'Serial infector' plea deal reveals lack of communication among hospitals

The plea deal on Wednesday for "serial infector" David Kwiatowski revealed for the first time the extent of the hospital worker's scheme and the lack of communication among hospitals involved which allowed him to continue hurting patients, a new report from The Boston Globe's White Coat Notes reveals.

Kwiatowski, who admitted to "killing a lot of people" by stealing painkiller syringes and replacing them with saline tainted with his blood, plead guilty on Wednesday to 14 federal drug theft and tampering charges.

For years, Kwiatowski managed to hide his drug-stealing tactic: as the article describes: "Often working in cardiac catheterization labs, he took new syringes loaded with narcotics, typically Fentanyl, and replaced them with syringes he had previously used and re-filled with dummy fluid. The replacement syringes were contaminated with traces of the potentially lethal virus that he acquired during his years of drug abuse, and these syringes were ultimately used during patient procedures."

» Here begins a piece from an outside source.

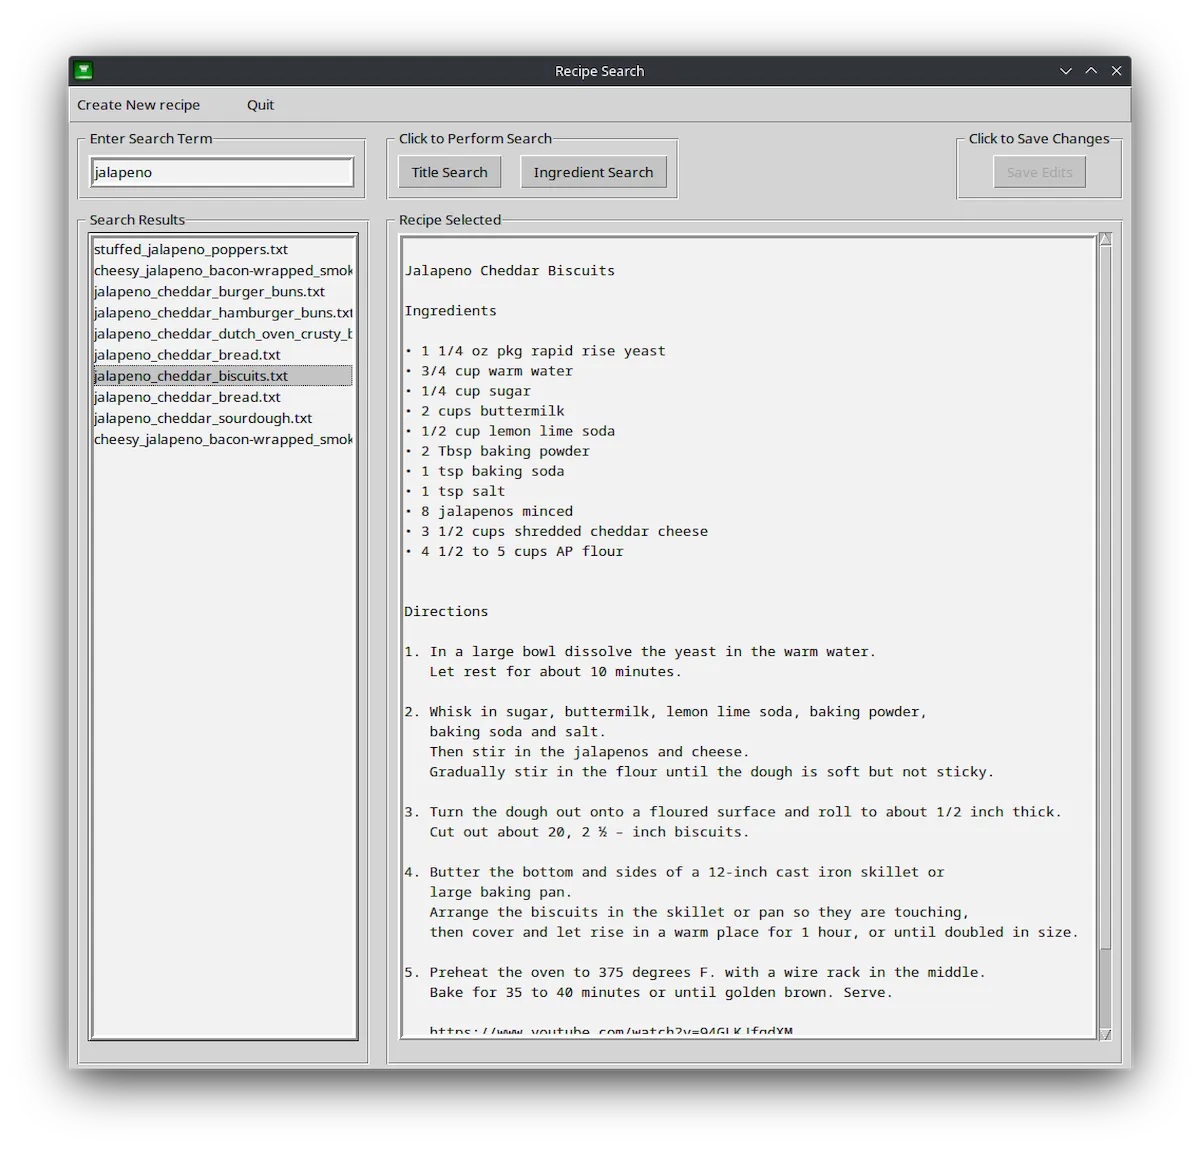 Como instalar o app de receitas recipescribe no Linux via Flatpak

His plea deal, signed by federal prosecutors, reveals his scheme started in 2002, when hospitals in Michigan knew of his drug problems and fired him, but did not warn other hospitals that hired him. He tested positive for controlled substances at one hospital and was fired for "gross misconduct" at another.

"He was hired to work at nearly 20 hospitals, despite leaving graphic evidence while on the job in Pennsylvania and Arizona that he was heavily addicted to narcotics," the article states. "At UPMC Presbyterian, affiliated with the University of Pittsburgh in Pennsylvania, he was caught in possession of empty syringes bearing fentanyl labels."

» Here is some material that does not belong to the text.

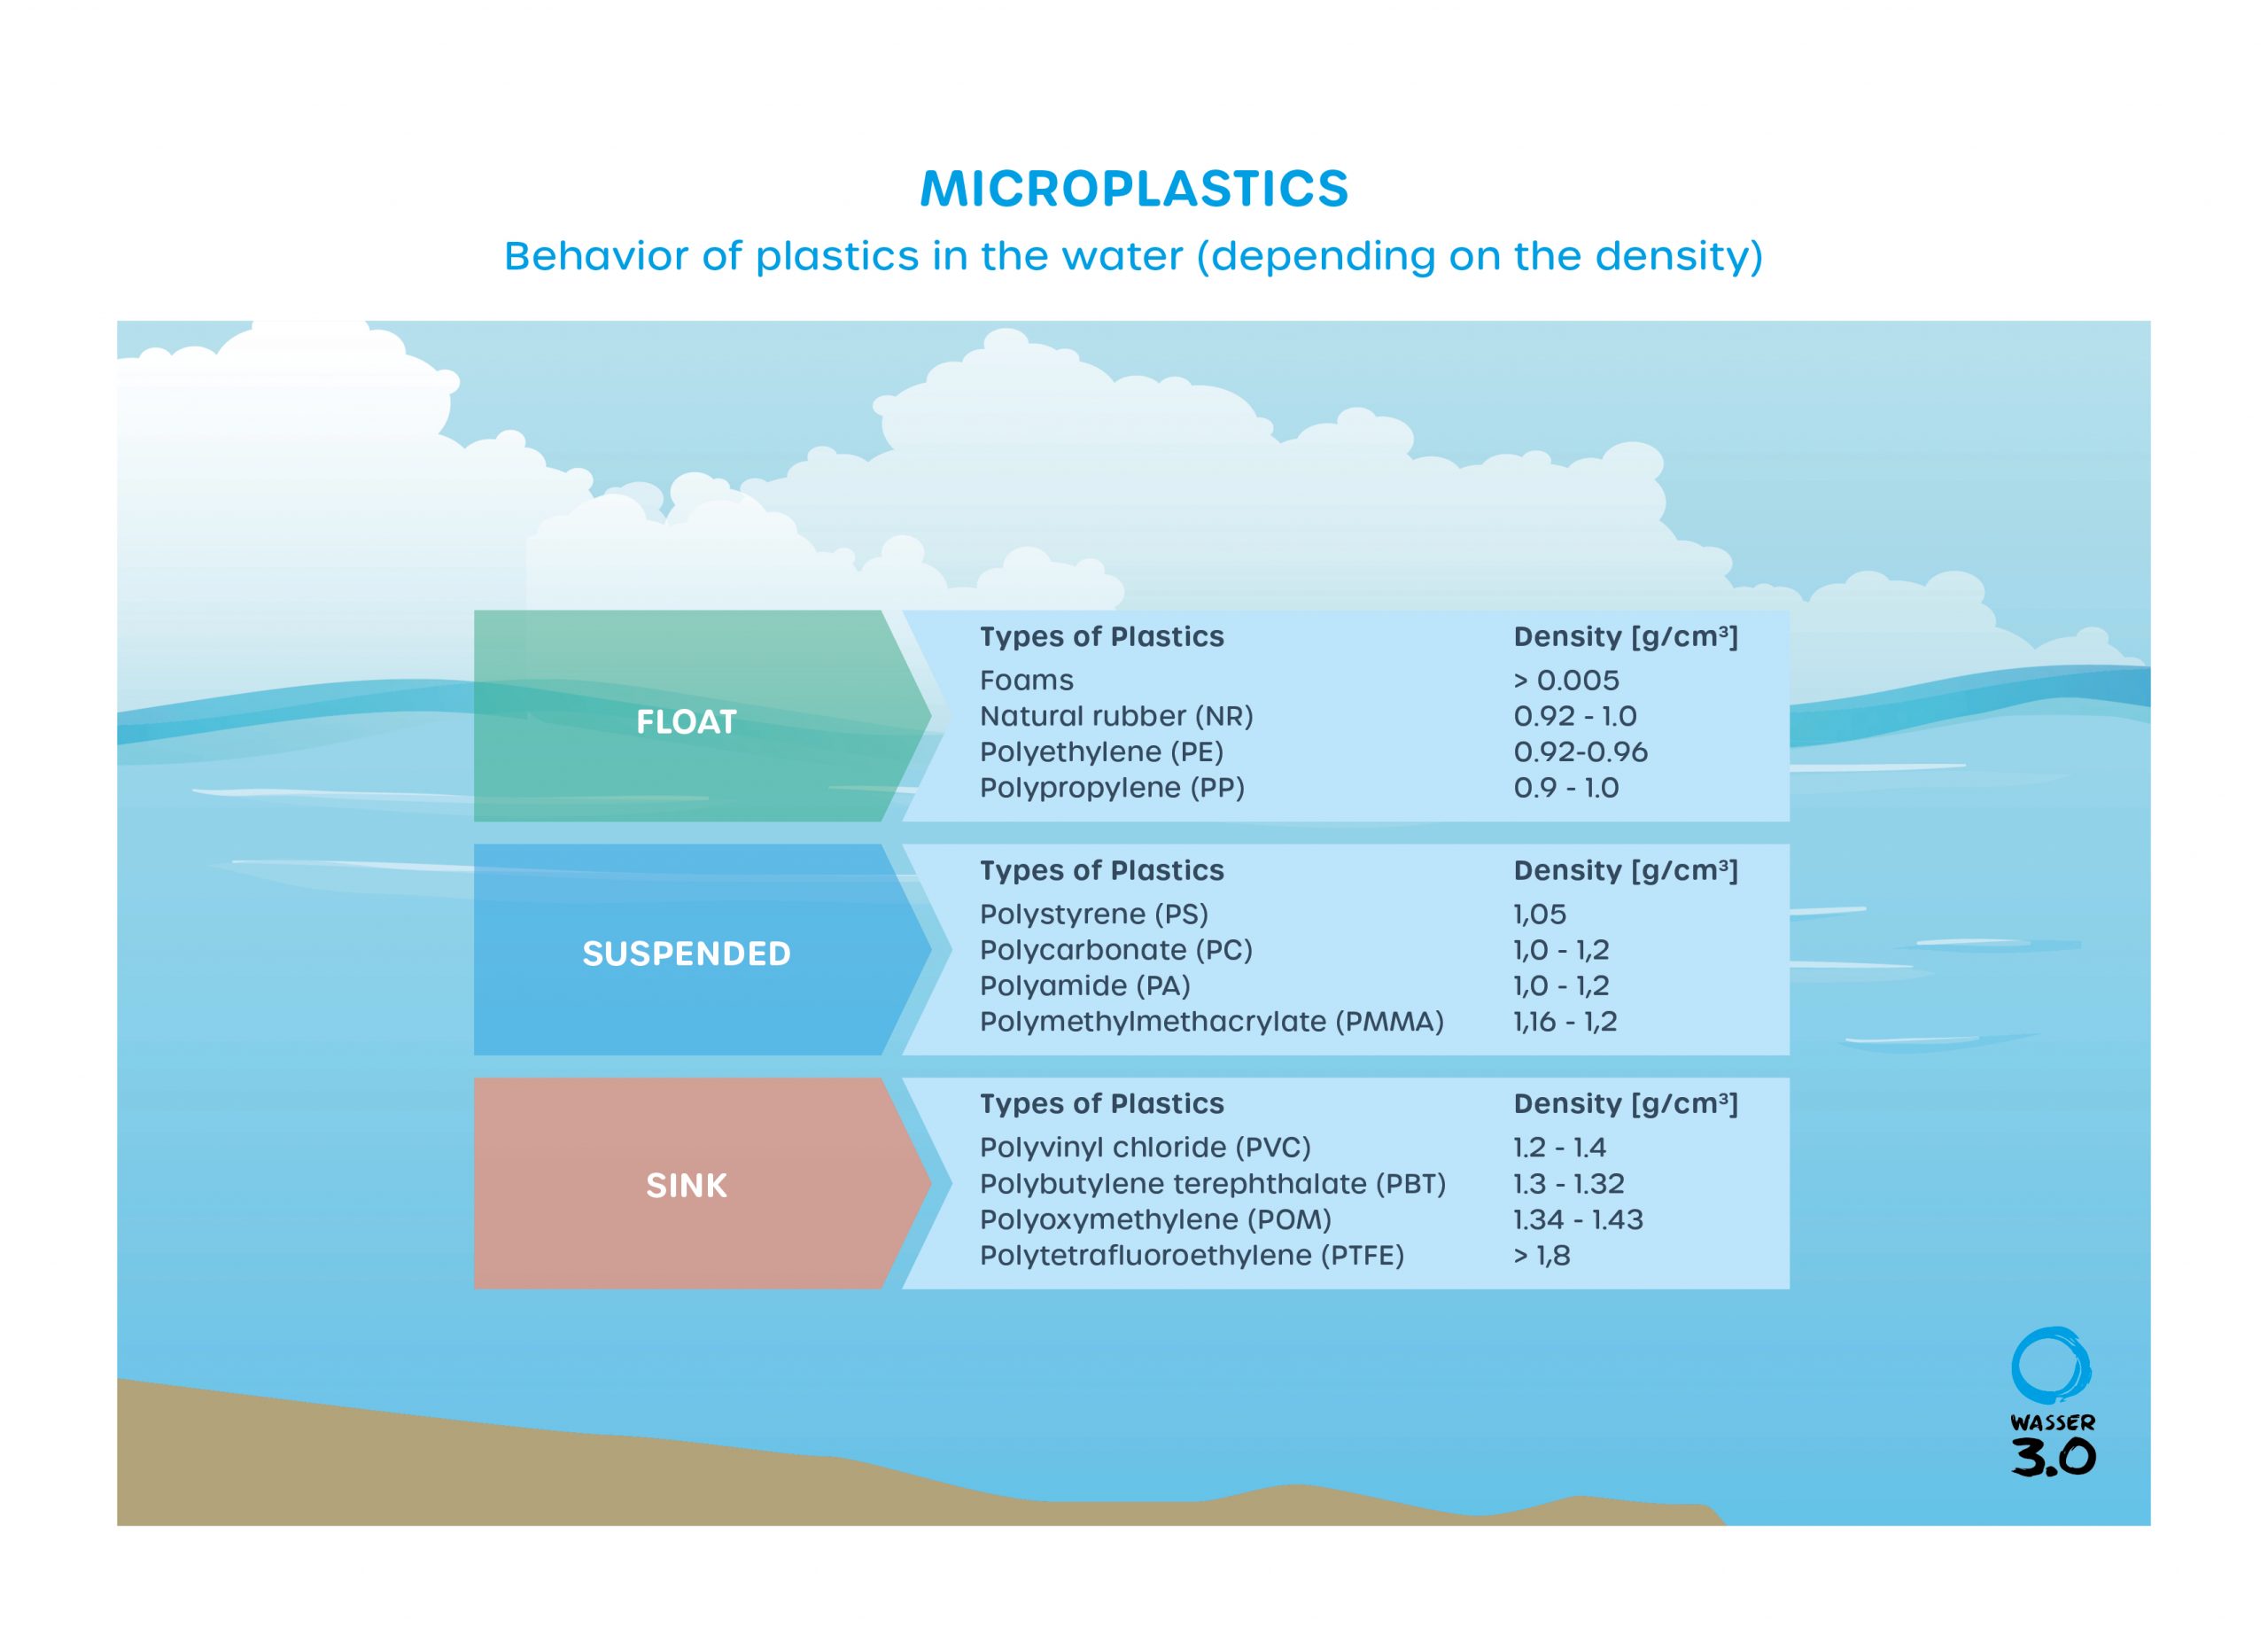 Behavior of plastics in water (depending on density)

This didn't stop him from getting jobs elsewhere, and telling colleagues he had Crohn's disease and needed drugs. At Exeter Hospital in New Hampshire, he was ultimately caught after a patient inexplicably tested positive for a strain of hepatitis C--and White Coat Notes says this may not be the last prosecutors learn of his transgressions.

In a similar case from this spring, after a jury found UnitedHealth negligent for not properly overseeing a doctor who infected two patients with hepatitis C and ordered it to pay $24 million in damages, it said the insurer must pay an additional $500 million in punitive damages.